Ralph bids his audience turn to the 'infant stage' of Goodman's Fields for matter more worthy their attention; and his promise that there
"The Comick Muse, in Smiles severely gay, Shall scoff at Vice, and laugh its Crimes away"
must surely have been inspired by the young genius from whom twenty years later came the formal declaration of his endeavour, in Tom Jones, "to laugh mankind out of their favourite follies and vices."

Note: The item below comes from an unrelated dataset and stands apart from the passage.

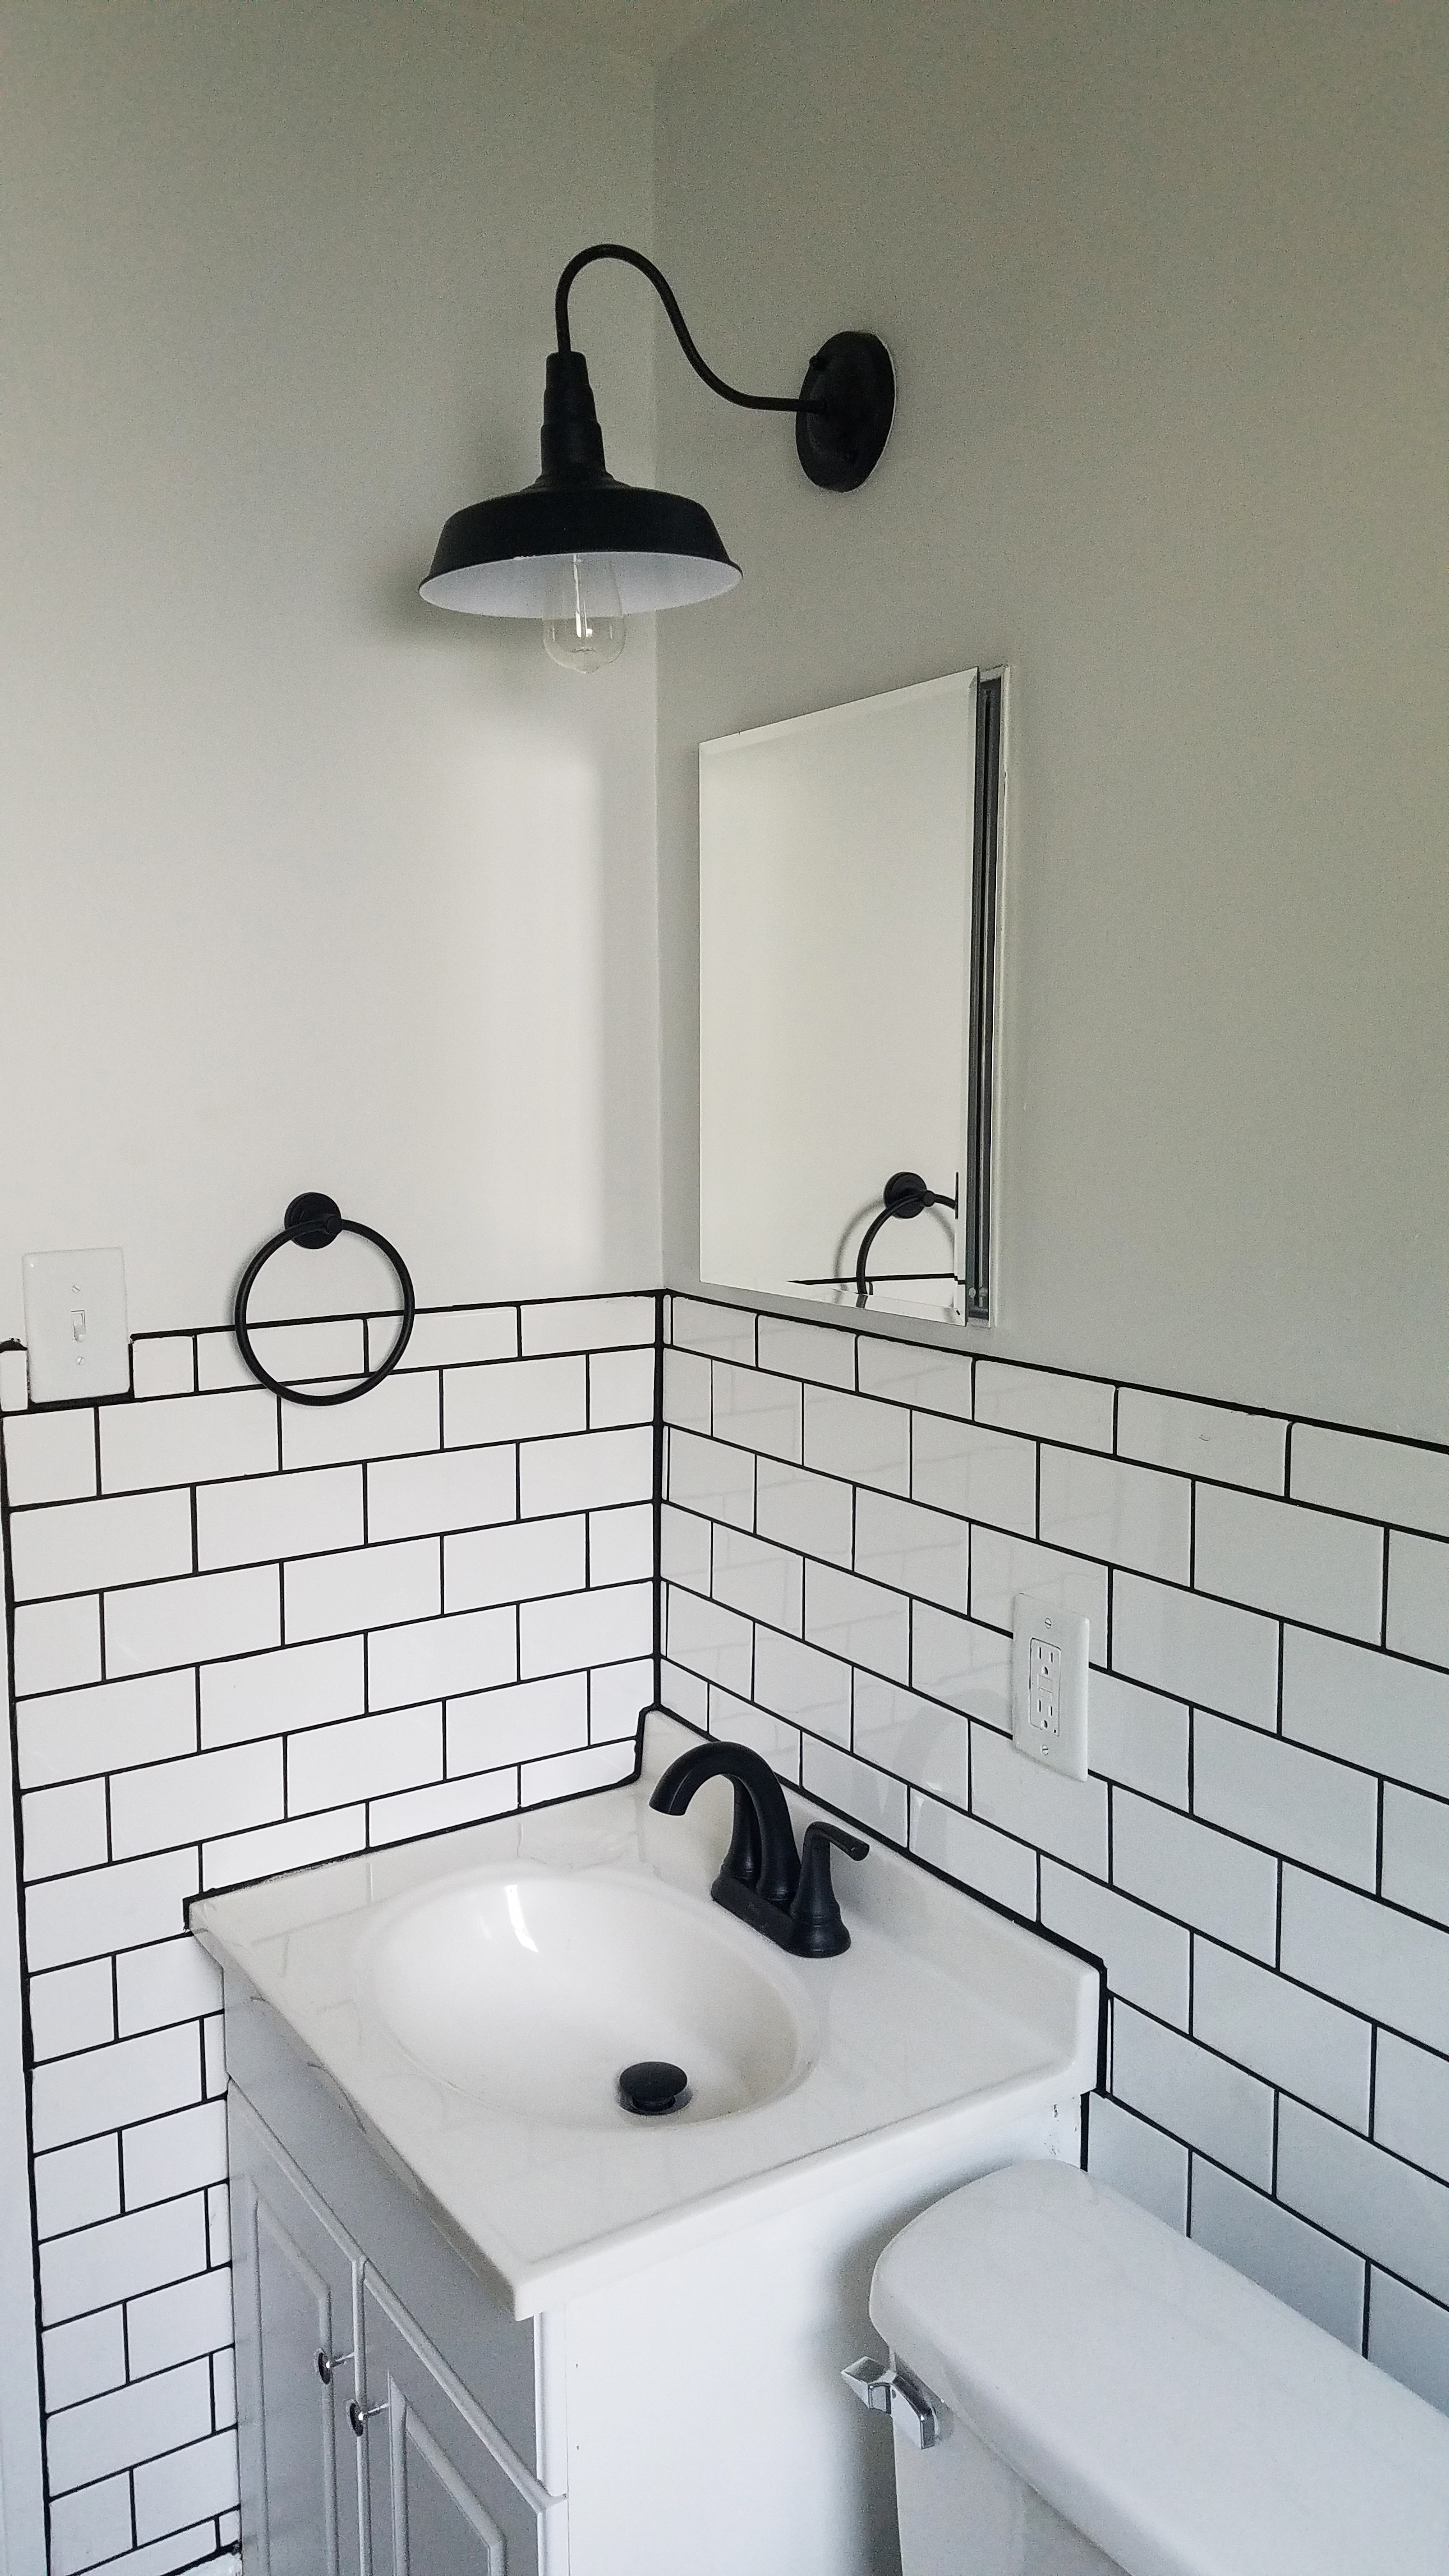 Haymount Homes Glenville House Bathroom sink.jpg

The special follies of the Temple Beau have, for background, of course, those precincts in which Fielding was later to labour so assiduously as a student, and as a member of the Middle Temple; but where, as the young Templar of the play observes, "dress and the ladies" might also very pleasantly employ a man's time. But except for an oblique hit at duelling, a custom which Fielding was later to attack with curious warmth, this second play seems to yield few passages of biographical interest. Of very different value for our purpose is the third play, which within only two months appeared from a pen stimulated, presumably, by empty pockets. This was the comedy entitled the Author's Farce, being the first portion of a medley which included the 'Puppet Show call'd the Pleasures of the Town; the whole being acted in the Little Theatre in the Haymarket, long since demolished in favour of the present building.